I became familiar with the Chiaroscuro Quartet, when I heard their performances of Haydn’s Op. 20 quartets. Now they are out with music by Franz Schubert.
One of the truly amazing works in the repertoire for string quartet, Franz Schubert’s Death and the Maiden is named after the song which has lent its theme to the second movement.
At the end of Matthias Claudius’s poem, which Schubert had set as a 20-year-old in 1817, Death cradles the Maiden in his bony embrace. And her fear, in the first verse, of encountering his tomb-cold touch is mirrored by his desire for her in the second.
In Schubert’s lifetime, death was a constant presence in everyday life and even a young person like himself would have encountered it at close quarters – in fact, his own mother had passed away when he was only 15.
When Schubert returns to this song in 1824 and starts work on the string quartet, death has nevertheless grown even more real: in the meantime he has become acquainted with pain and disease during the bouts of the syphilis that he knows will kill him.

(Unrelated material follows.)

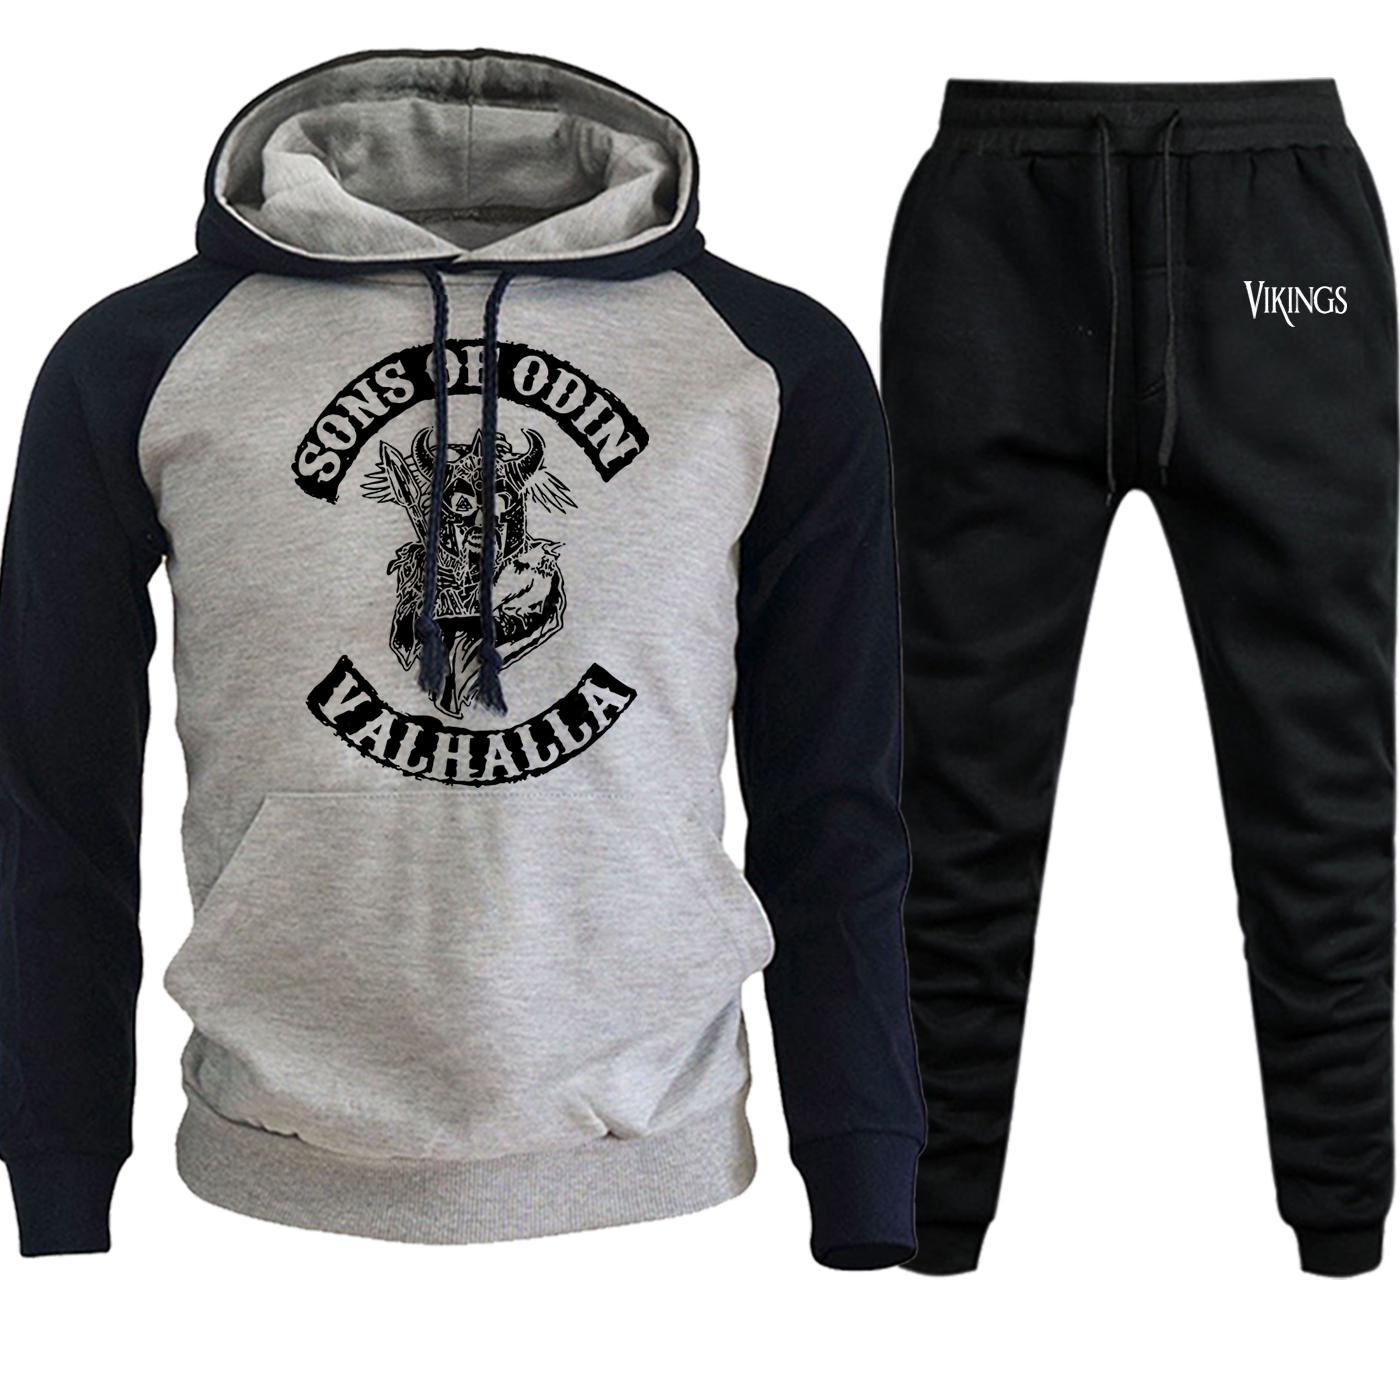 Vikings Streetwear Men Funny Raglan Hoodies Autumn Winter 2019 Suit Male Hip Hop Pullover Casual Fleece Hoody+Pants 2 Piece Set

He turns the song into a set of variations, preceding it with a ferocious Allegro, and following it with a Scherzo and a Finale that have been described as ‘the dance of the demon fiddler’ and ‘a dance with death’.
The acclaimed Chiaroscuro Quartet performs the work on gut strings, which brings out the vulnerability and desperation even further. The players then Finish up gently with the youthful String Quartet No. 9 in G minor, a work in which the minor key offers Schubert the opportunity to play with light and shadows, rather than full-scale drama.